Ora, il regista Mike (Ebert) e il suo partner romantico, il drammaturgo Luce (Irving) vedono la strada verso il grande successo con la versione di Luce di Sally e Tom, “La ricerca della felicità”. Un produttore dalle tasche profonde, combinato con la fama televisiva e cinematografica del membro della compagnia Kwame a/k/a “K-Dubb” (Miller), potrebbe aumentare la visibilità della compagnia in un batter d’occhio. Se, cioè, le pressioni e gli antagonismi fuori scena possono essere tenuti a bada.
Come persona che ha fondato o è entrato a far parte di diverse società di questo tipo nel corso degli anni, posso attestare la verosimiglianza di gran parte del brusio nel backstage di Good Company: “Break, 7 minuti” accolto da un coro di “Grazie, 7”; putter con strumenti di illuminazione o pezzi di costume; uscire per svapare o prendere un caffè; facendo pause tra le chiamate degli agenti e le linee di discussione per discutere i meriti e il tema del progetto attuale (anche l’entità dei loro ruoli). Più che un semplice alveare, una compagnia teatrale è una nazione in miniatura, in cui gli individui svolgono i propri affari e allo stesso tempo costituiscono una cultura di gruppo distintiva. Direttore Steve H. Broadnax III (Pensieri di un uomo di colore) lo rende vivo apparentemente senza sforzo e presenta con delicatezza i paralleli di Parks tra le due narrazioni.

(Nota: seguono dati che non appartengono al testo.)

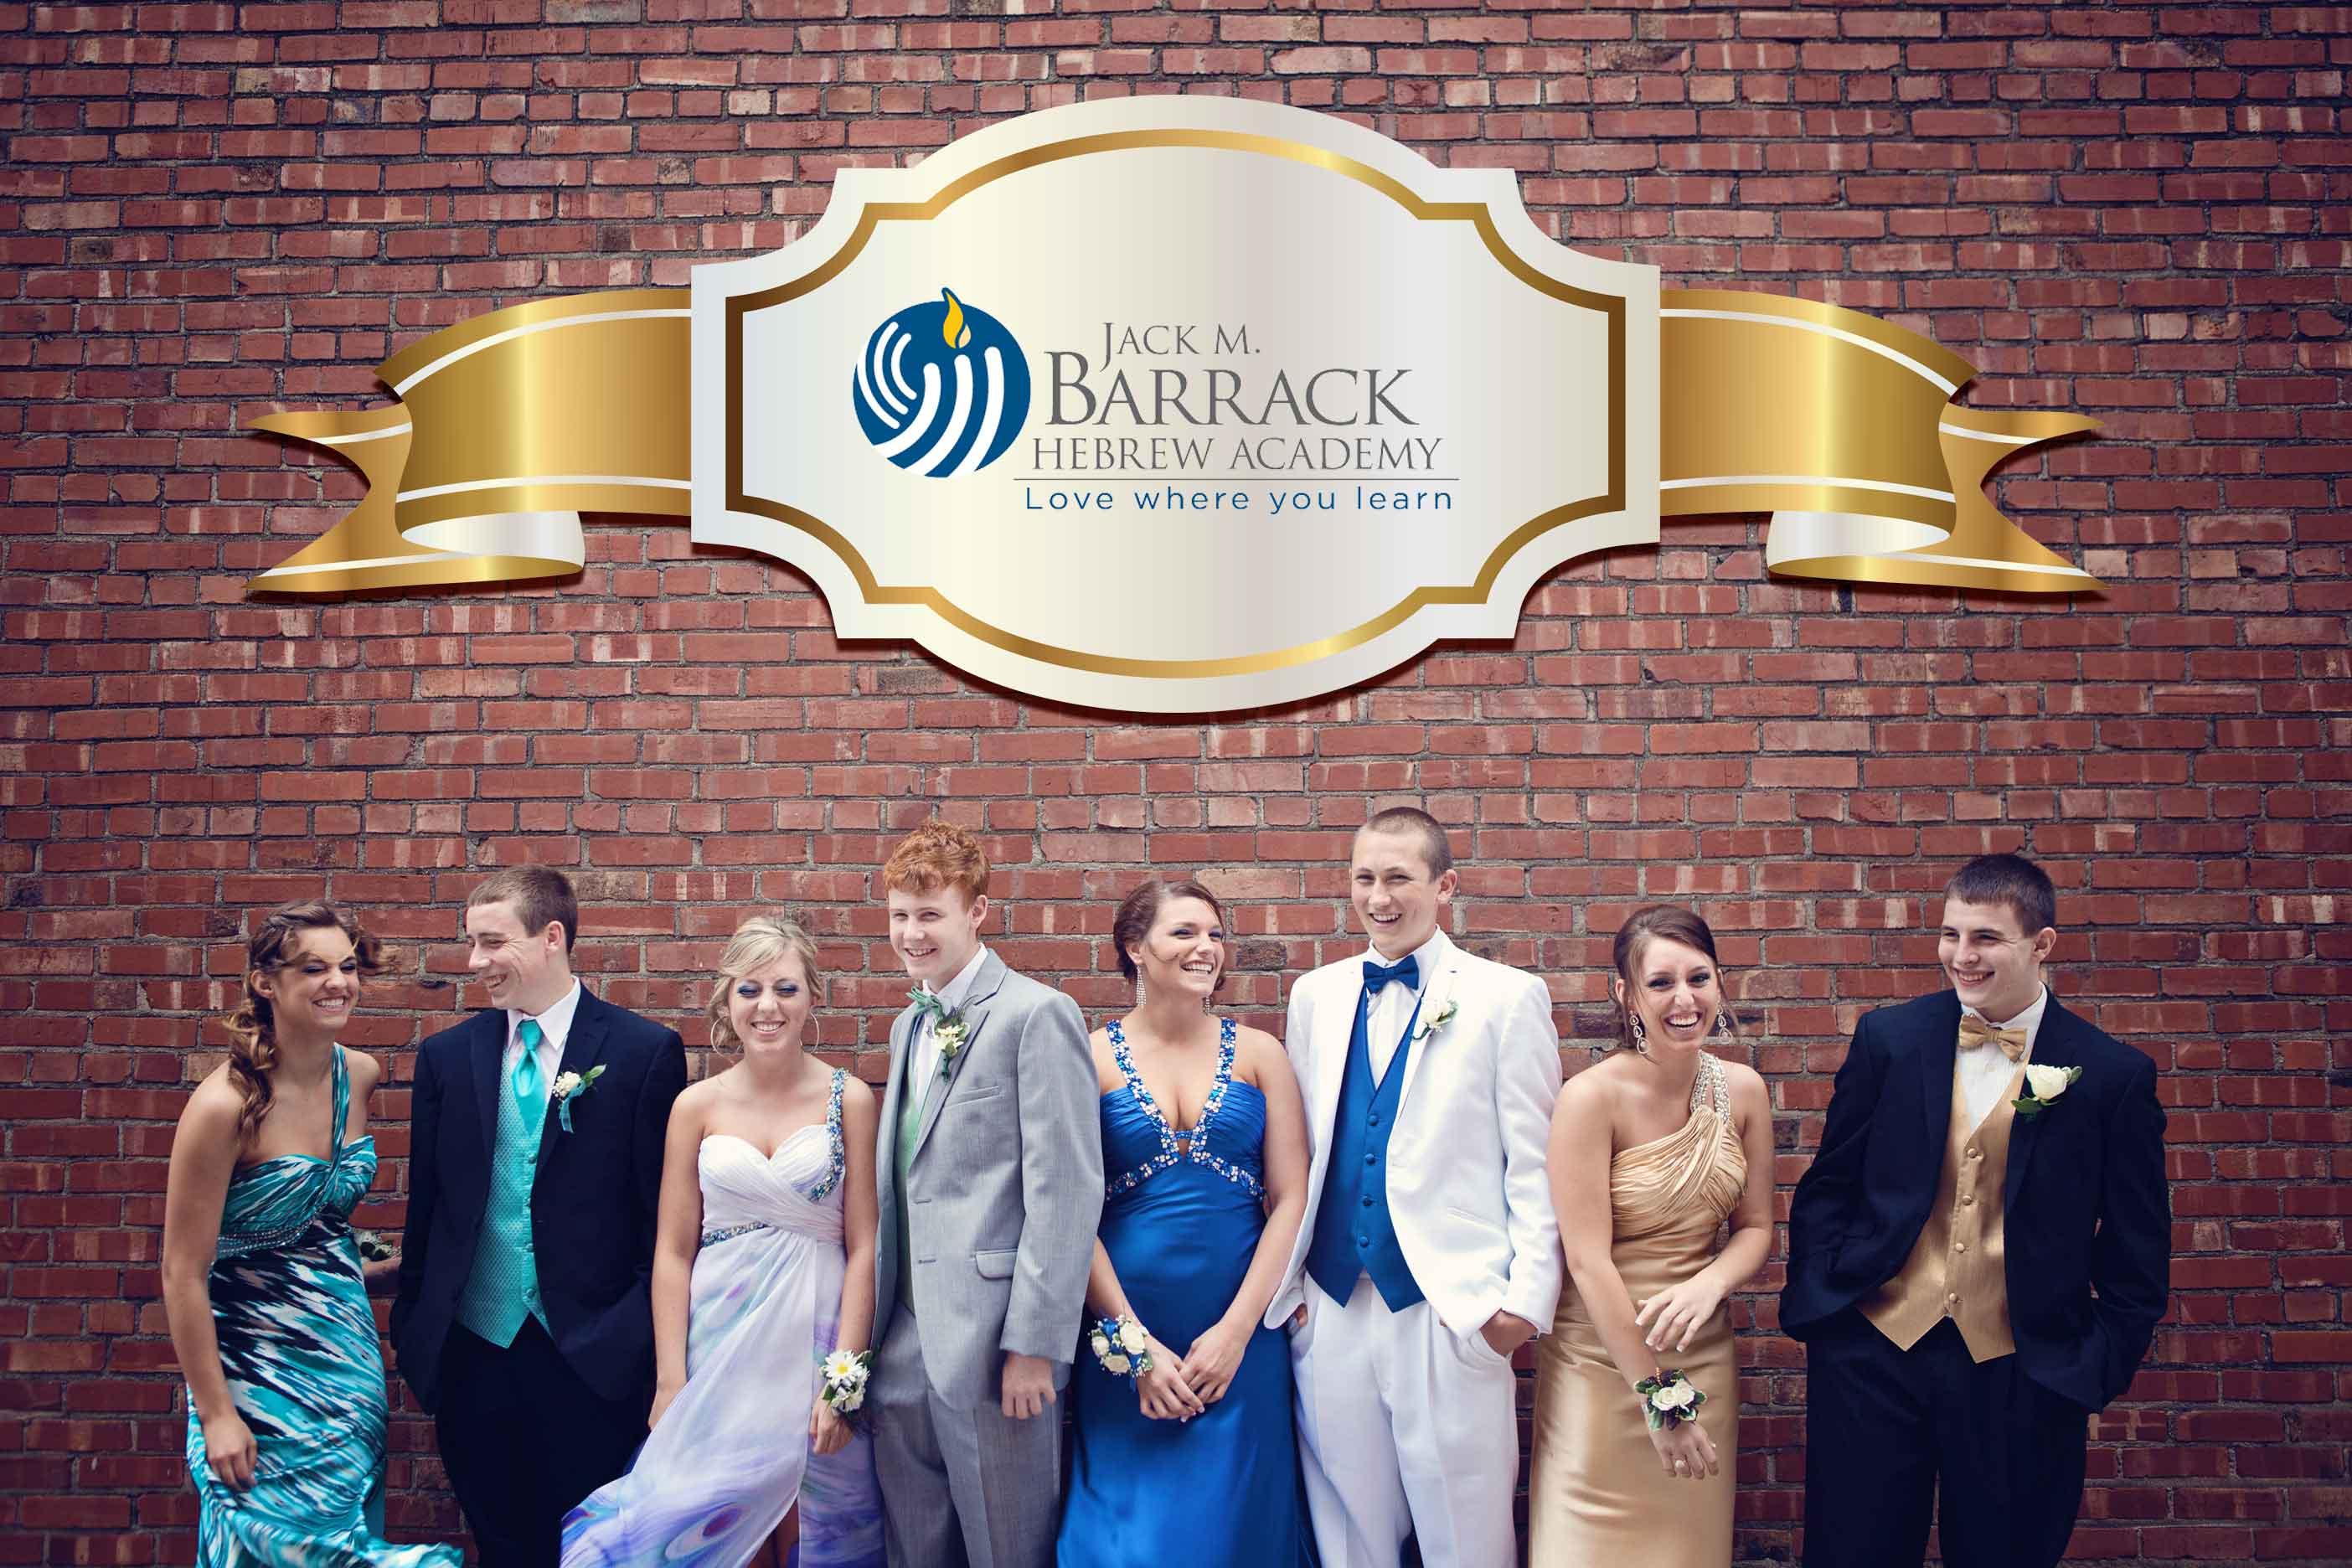 jack barrack hebrew academy prom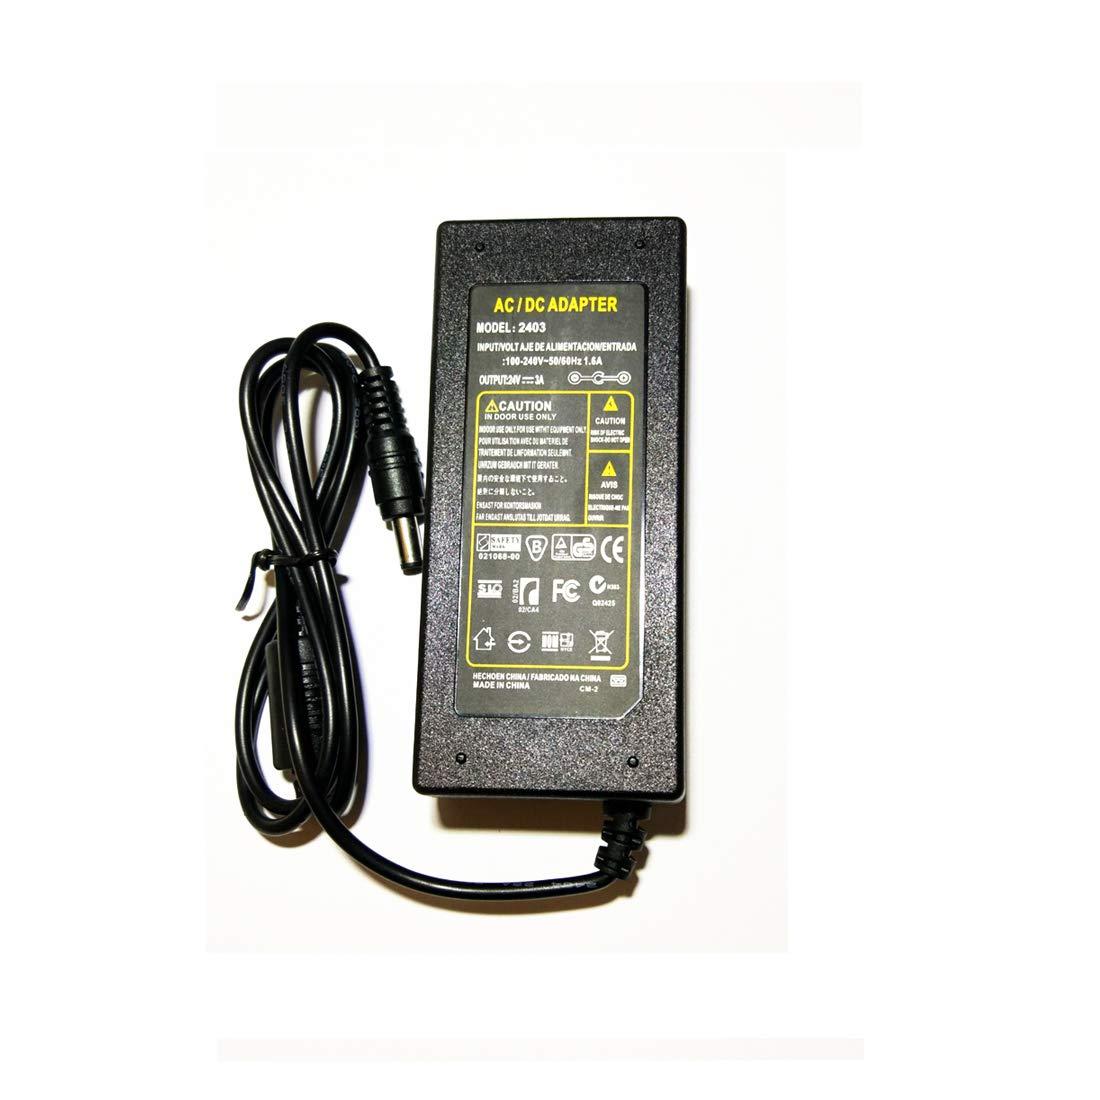 Netzteil 24V 3A 72W Netzadapter Transformator Trafo f/ür LED Strip Streifen Light Lichterkette,Kamera,LCD Monitor

Sotto un aspetto fondamentale, però, la storia moderna non riesce a convincere. Luce ha dato a James Hemings un momento cruciale per rimproverare Jefferson in una tirata feroce. Mr. Moneybags ha minacciato di ritirarsi a causa del discorso incendiario, mentre per Kwame è il momento “soldi” a cui non si arrende. Con una tale tempesta in arrivo, qualsiasi drammaturgo degno di questo nome muoverebbe il cielo e la terra per placare sia l’angelo che la stella con infinite riscritture alla ricerca di un compromesso. Ciò che accade coincide con la storia di Jefferson, ma temo che se ne vada Sally e Tom – per non parlare di “The Pursuit of Happiness” – più traballanti all’undicesima ora di quanto dovrebbero essere.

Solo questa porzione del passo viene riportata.